The drawing shows a hydraulic chamber in which a spring (spring constant = 1292 N/m) is attached to the input piston, and a rock of mass 24.7 kg rests on the output plunger. The piston and plunger are at the same height, and each has a negligible mass. By how much is the spring compressed from its unstrained position?
To find out how much the spring is compressed from its unstrained position, we need to consider the equilibrium of the forces acting on the system.
Let's assume that the spring is compressed by distance x from its unstrained position. In this case, the input piston exerts a force on the spring given by F = k * x, where k is the spring constant.
According to Newton's third law of motion, the force exerted by the spring on the input piston is equal in magnitude and opposite in direction to the force exerted by the input piston on the spring. Therefore, the force exerted by the input piston is -F = -k * x.
Since there is no vertical motion of the system, the vertical forces must balance each other. The force exerted by the input piston is balanced by the weight of the rock on the output plunger. The weight of the rock is given by Fg = m * g, where m is the mass of the rock and g is the acceleration due to gravity.

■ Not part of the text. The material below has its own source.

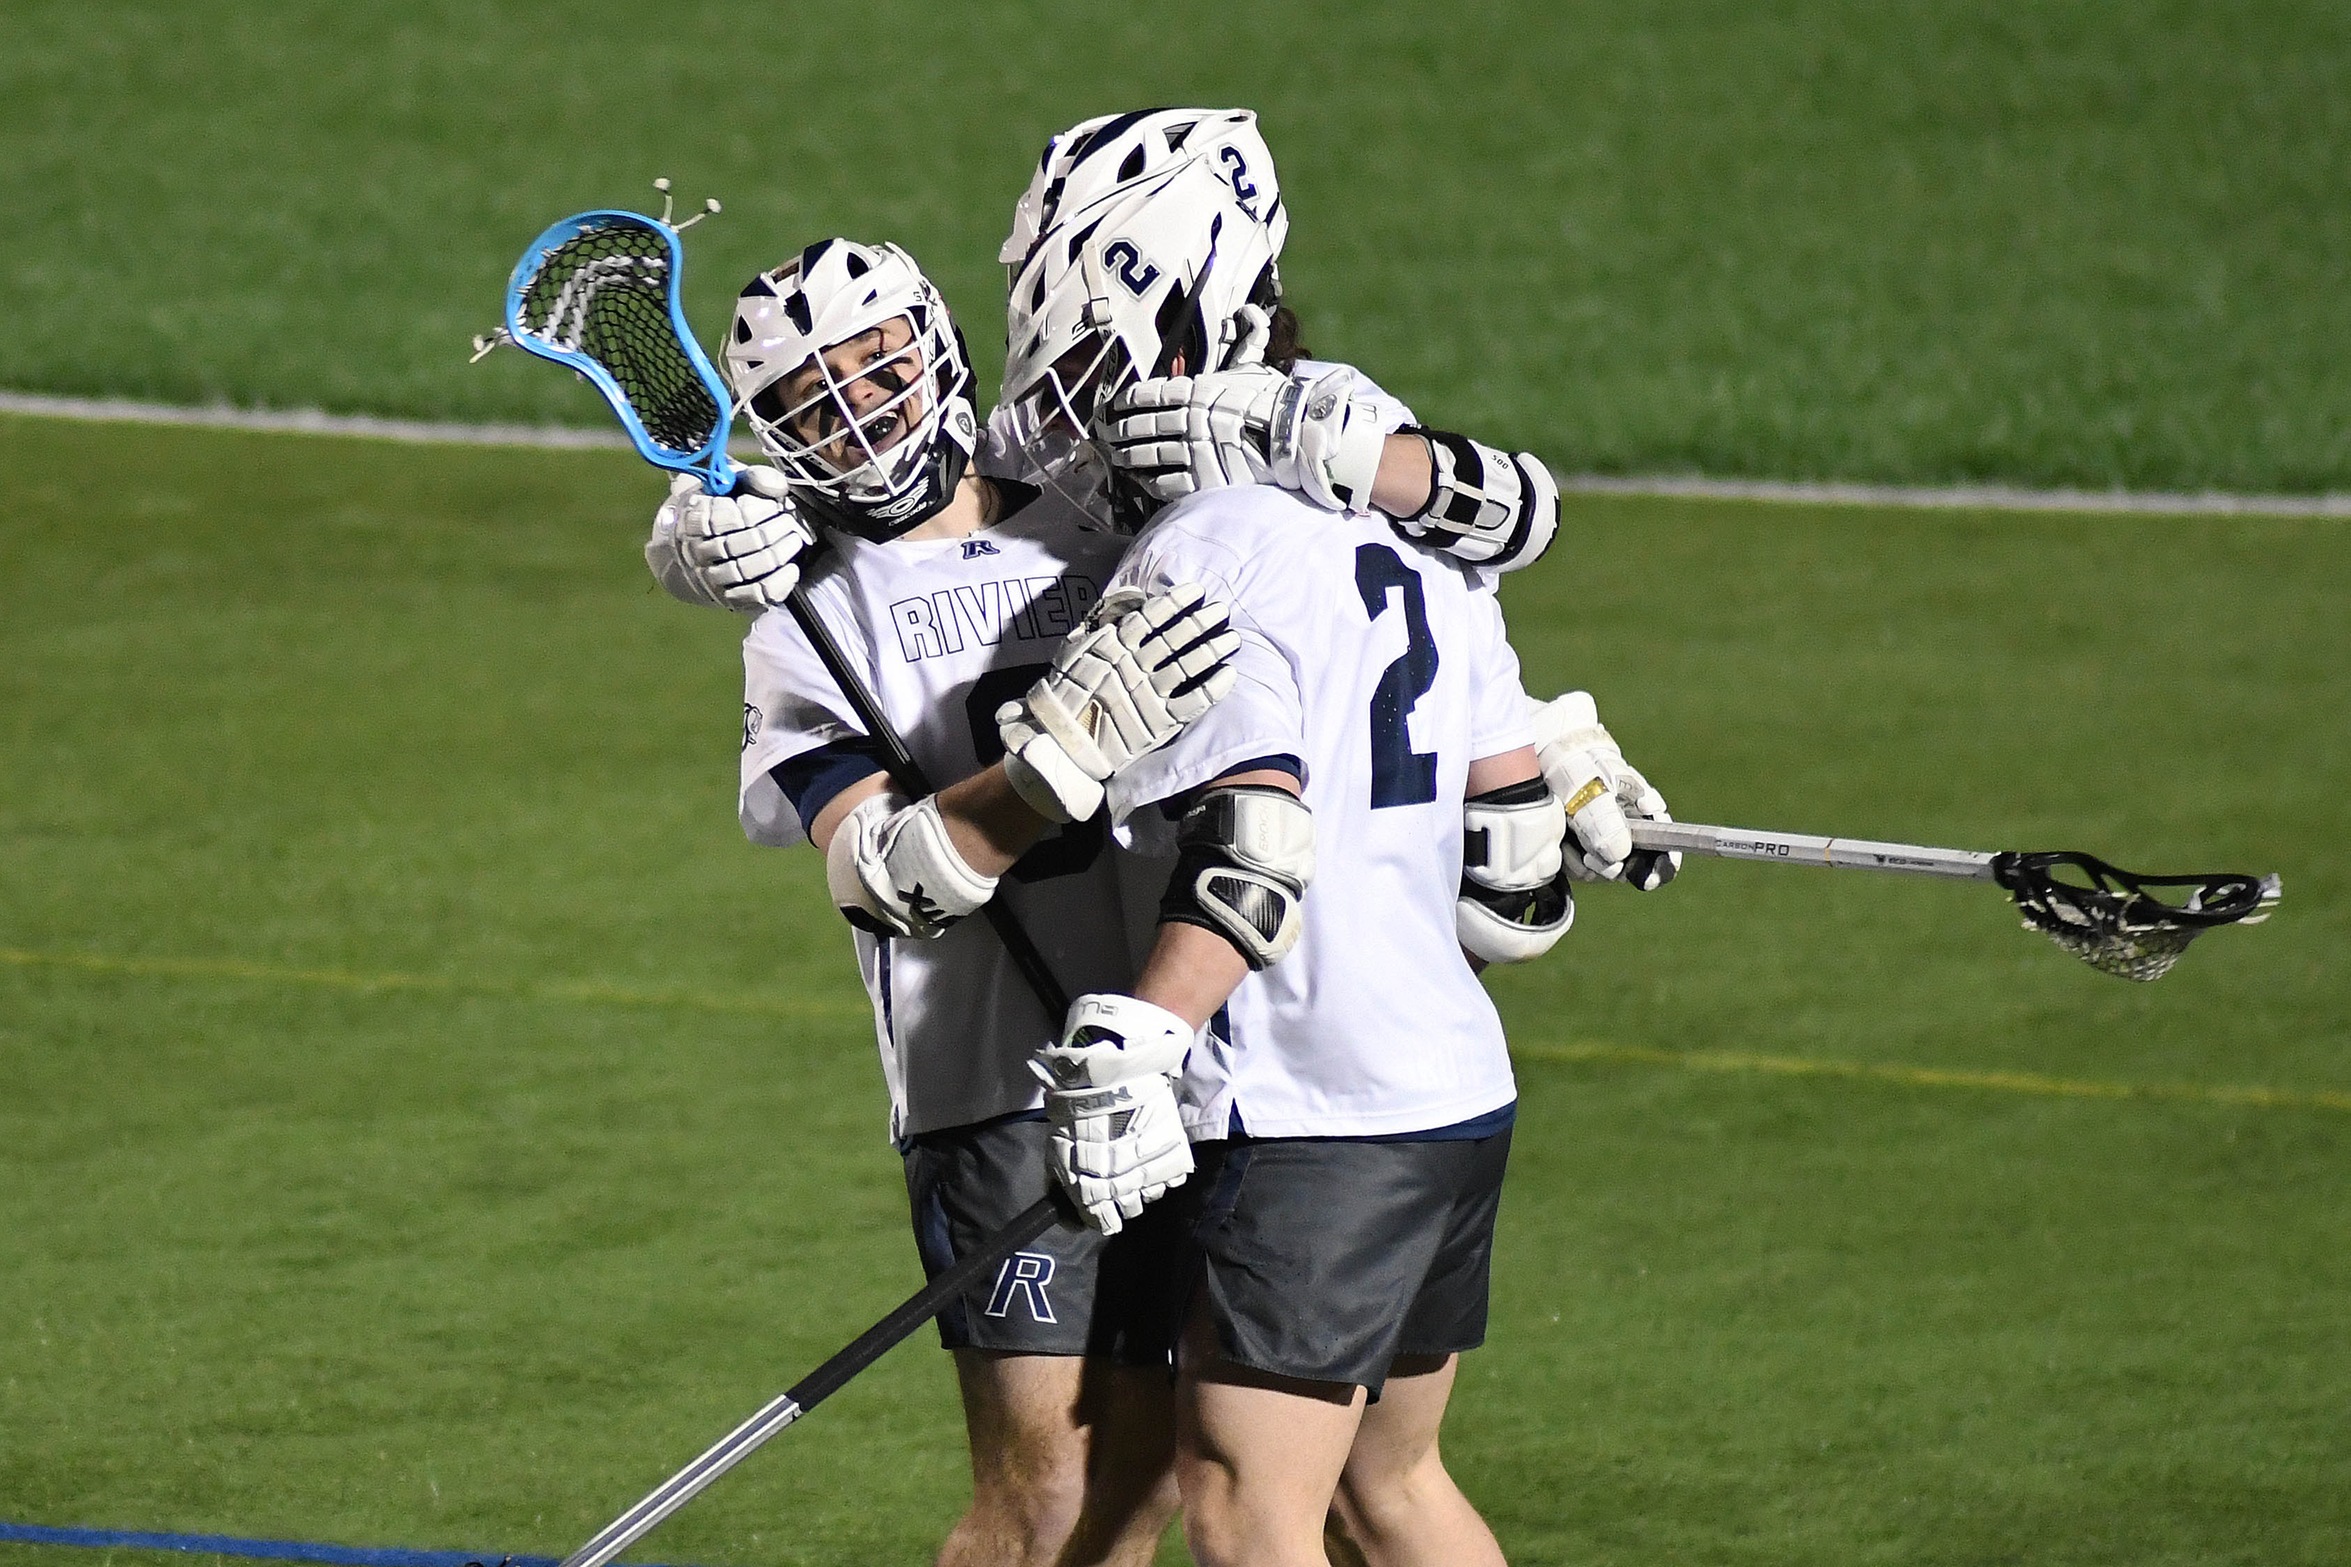 Zapatka’s Six Goals Lifts Men’s Lacrosse Over Mitchell

Therefore, we have -k * x = m * g.
Rearranging the equation, we can solve for x:
x = -(m * g) / k.
Substituting the given values, m = 24.7 kg, g = 9.8 m/s^2, and k = 1292 N/m:
x = - (24.7 kg * 9.8 m/s^2) / 1292 N/m.
Calculating this expression, we find that the spring is compressed by approximately -0.182 meters or 18.2 centimeters from its unstrained position.
Note that the negative sign indicates that the spring is compressed in the opposite direction of its natural extension.